Fig. 9: Simulated ADF-STEM images of BFO.
figure 9

a No tilt, b 10 mrad tilt, c 20 mrad tilt, and d 30 mrad tilt. All tilts are around the y axis. Solid line on a represents position of line scans through Bi columns shown in e. Dashed line corresponds to position of line scans through Fe columns shown in f. Shifts of two atoms circled are shown relative to untilted image shown in g for both x and y shift measured using atom finding. The scale bar in a is 2 Å.

To summarize, we developed an approach for the analysis of atomically resolved STEM image data of ferroelectric materials to extract local polarization based on sub-image analysis. We demonstrate that the application of DCNN-based regression on sub-images centered on a given sub-lattice yields values similar to direct column position analysis. It should be noted that in both cases, the derived values are biased compared to the expected values. We attribute this behavior to the effect of sample mis-tilt during imaging. Correspondingly, dynamic correction of this effect becomes a key element of the quantitative STEM image and may necessitate the development of tools adjusting the specimen tilt at different parts of the image.

We further show that the polarization fields can be visualized from the STEM images without atom finding using DCNN analysis of atom-centered sub-images and arbitrarily selected sub-images bypassing the atom finding stage. This approach was found to give the correct polarization values for the majority of the image and can be readily incorporated during data acquisition.
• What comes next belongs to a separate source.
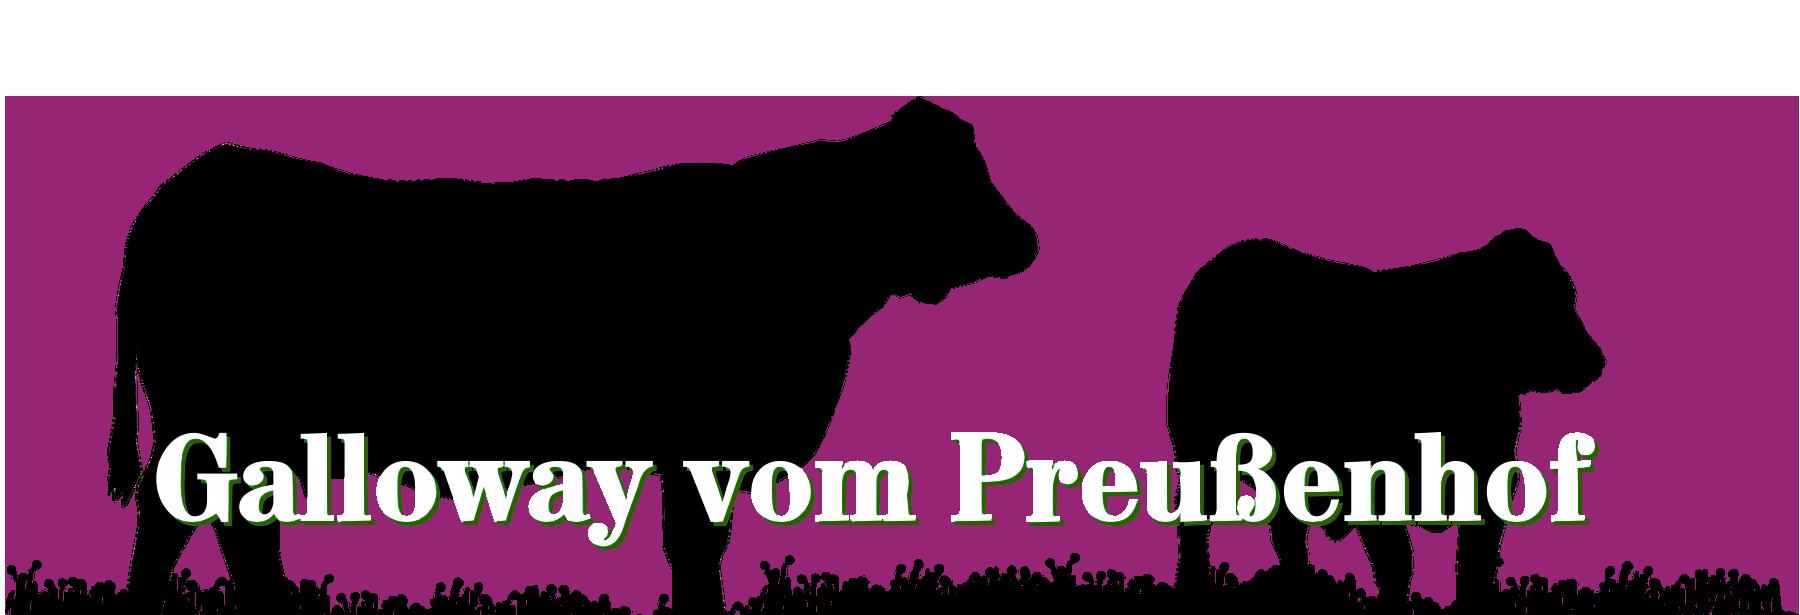 Galloway vom Preußenhof | 16909 Heiligengrabe

However, the presence of local defects (i.e., out of distribution data) leads to significant errors in the prediction at certain locations. These can be further used to identify sites for automated experiments. Overall, the translational invariance built in into the DCNN structure can significantly facilitate the extraction of physical order parameter fields from structural and potentially high-dimensional data.

Methods

Materials and characterization

All material systems utilized in this project are part of a publicly accessible combinatorial library consisting pulsed layer deposition fabricated layers of Sm-doped BiFeO3 and the SrRuO3. All relevant details of sample preparations and STEM, TEM characterization measurements can also be found in this reference52.